Why I cannot live with Gaza’s trauma

Tamam Abusalama

The Electronic Intifada  /  March 15, 2021

My dad answered a phone call warning him that all our family must evacuate our home. It was about to be bombed.

The call was from someone working with the International Committee of the Red Cross. It came one day during Operation Cast Lead – a major Israeli attack on Gaza in December 2008 and January 2009.

I don’t remember the exact date when we got the call. Every day felt the same then.

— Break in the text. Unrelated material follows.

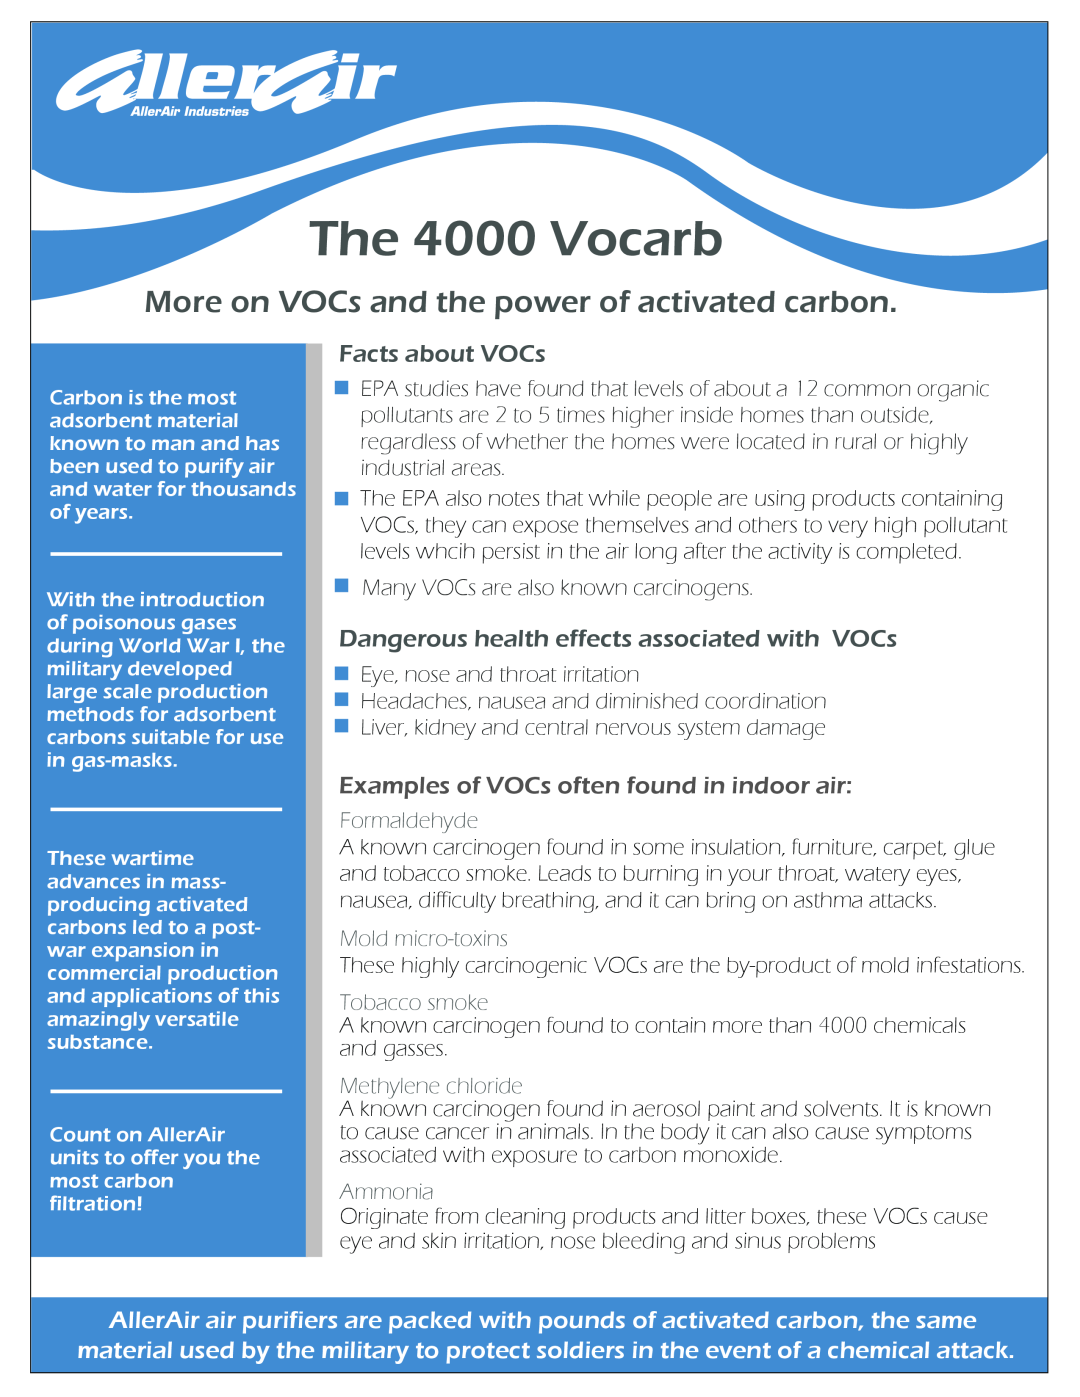 AllerAir More on VOCs and the power of activated carbon, Facts about VOCs, The 4000 Vocarb, Formaldehyde, Tobacco smoke 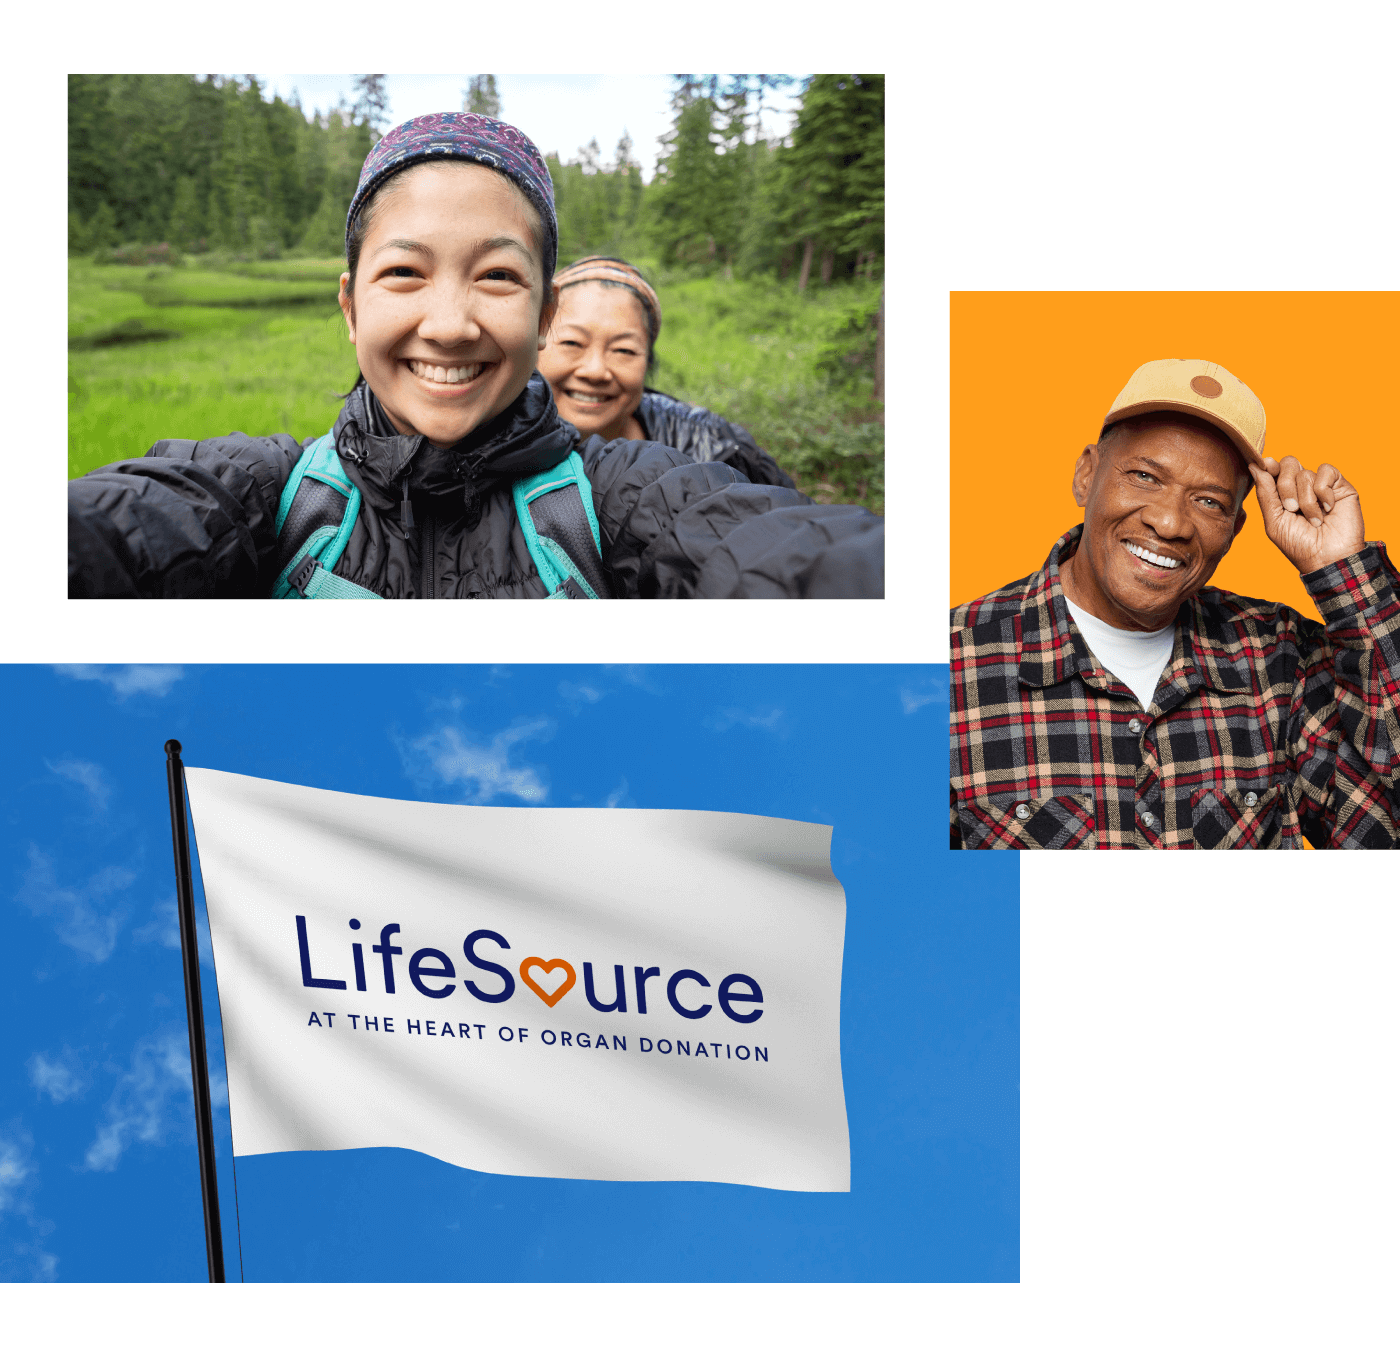 images of mother and daughter taking selfie while hiking, man smiling at camera as he tips his hat, LifeSource flag blowing in the wind.

The streets were empty of people. But they were full of debris from buildings that had been destroyed or damaged.

You could smell the explosives in the air.

It was eerie but far from silent.

Israel’s tanks and helicopters were extremely loud. Louder than anything else we could hear.

Al-Saftawi – the neighbourhood where we lived in northern Gaza – was dark and frightening. There was no water or food and almost no electricity.

Panic

The day we got that call left a scar on my soul.

I remember my dad shouting my name and those of my brothers and sisters. He had to alert the other people living in our building, too.

I could hear the panic in his voice.

I remember neighbours rushing toward us so that they could help.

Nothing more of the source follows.